DOCS_PATH = "main_data/"

# retrieve all PDF files in said folder
files = os.listdir(DOCS_PATH)
pdf_files = [os.path.join(DOCS_PATH, file) for file in files if file.endswith(".pdf")]

In [4]:
pdf_files

['main_data/Wahlpflichtmodule_Master-Informatik_WS23_Stand_21-Sep-2023.pdf',
 'main_data/119_ZuSMa_Senat_18012022.pdf',
 'main_data/Infoveranstaltung_Masterstudiengaenge-Informatik_HTWG-Konstanz.pdf',
 'main_data/124_SPOMa_AT_Senat_08112022.pdf',
 'main_data/Modulhandbuch_MSI_SS23_Stand_10-Jan-2023.pdf',
 'main_data/SPO_MSI_SPONr5_Senat_10122019.pdf']

In [5]:
from haystack.nodes import PDFToTextConverter

converter_pdf = PDFToTextConverter(remove_numeric_tables=True, valid_languages=["de"])

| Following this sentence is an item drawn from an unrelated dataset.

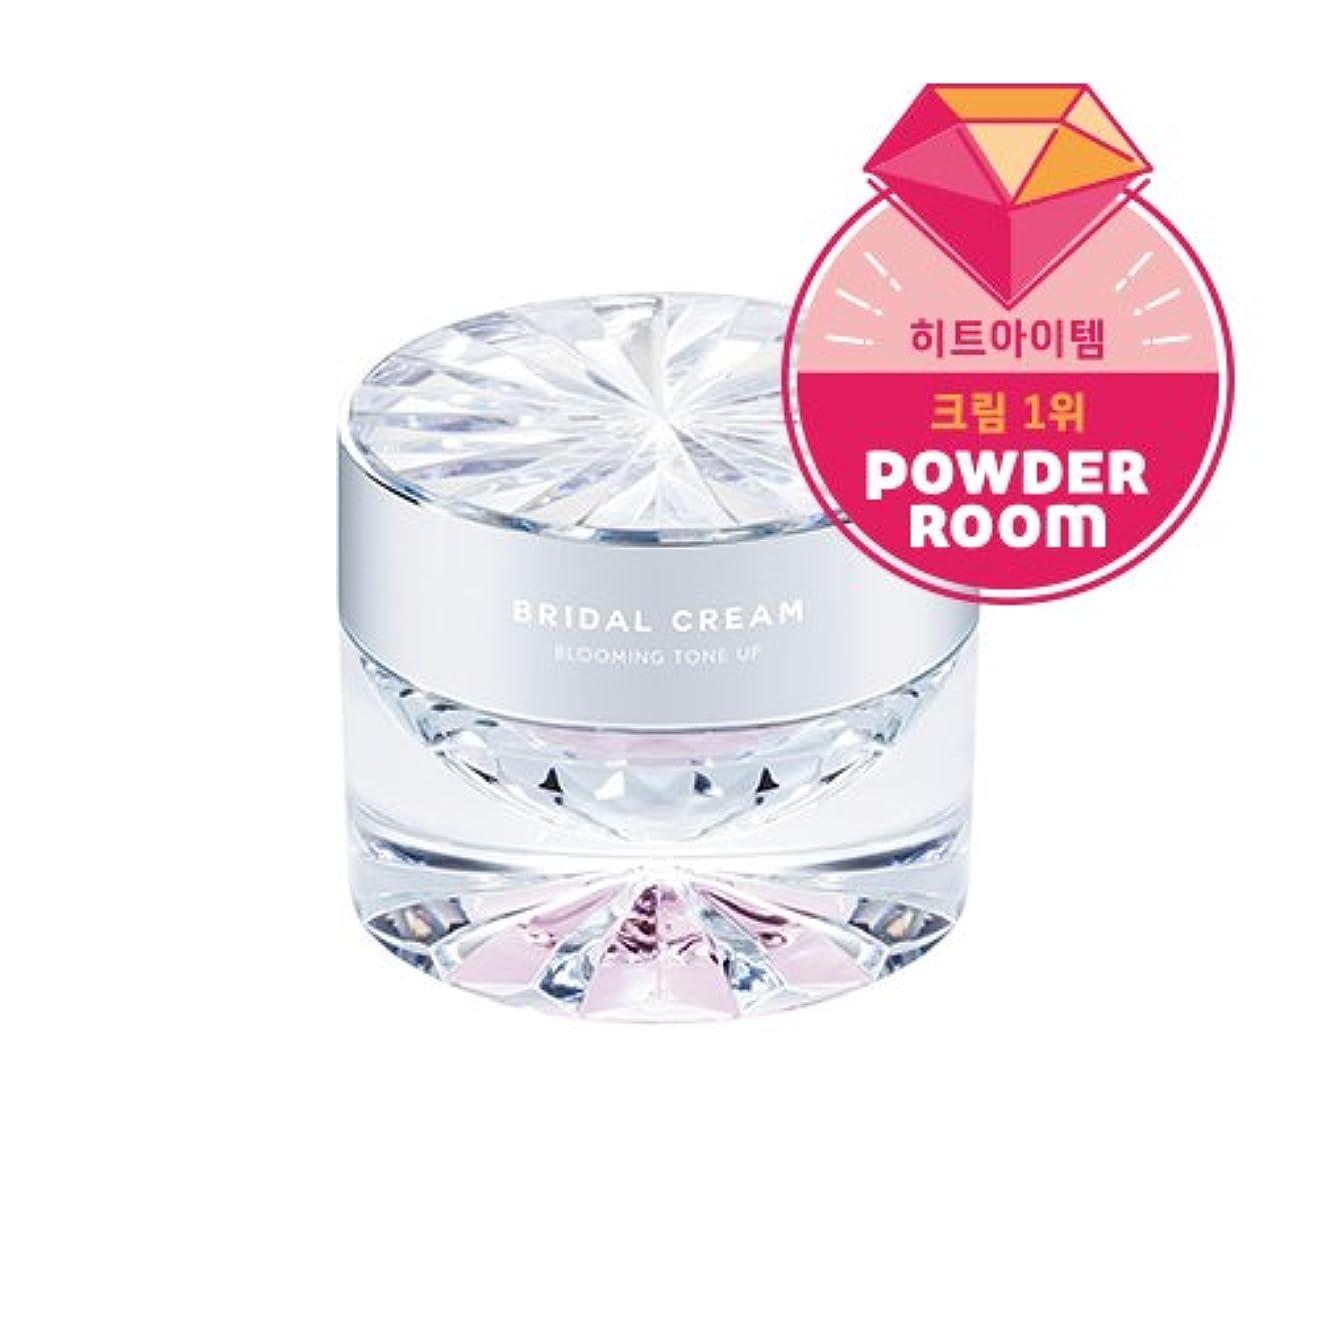 生活削る異常MISSHA Time Revolution Bridal Cream 50ml/ミシャ タイム レボリューション ブライダル クリーム 50ml (#Blooming Tone Up) [並行輸入品]

doc_pdf_all = [converter_pdf.convert(file_path=path, meta=None)[0] for path in pdf_files]

In [6]:
from haystack.nodes import PreProcessor

# This is a default usage of the PreProcessor.
# The split_length is essential in managing document chunks.
preprocessor = PreProcessor(
    clean_empty_lines=True,
    clean_whitespace=True,
    clean_header_footer=True,
    split_by="word",
    split_length=500,
    split_respect_sentence_boundary=True,
)
docs_default = preprocessor.process(doc_pdf_all)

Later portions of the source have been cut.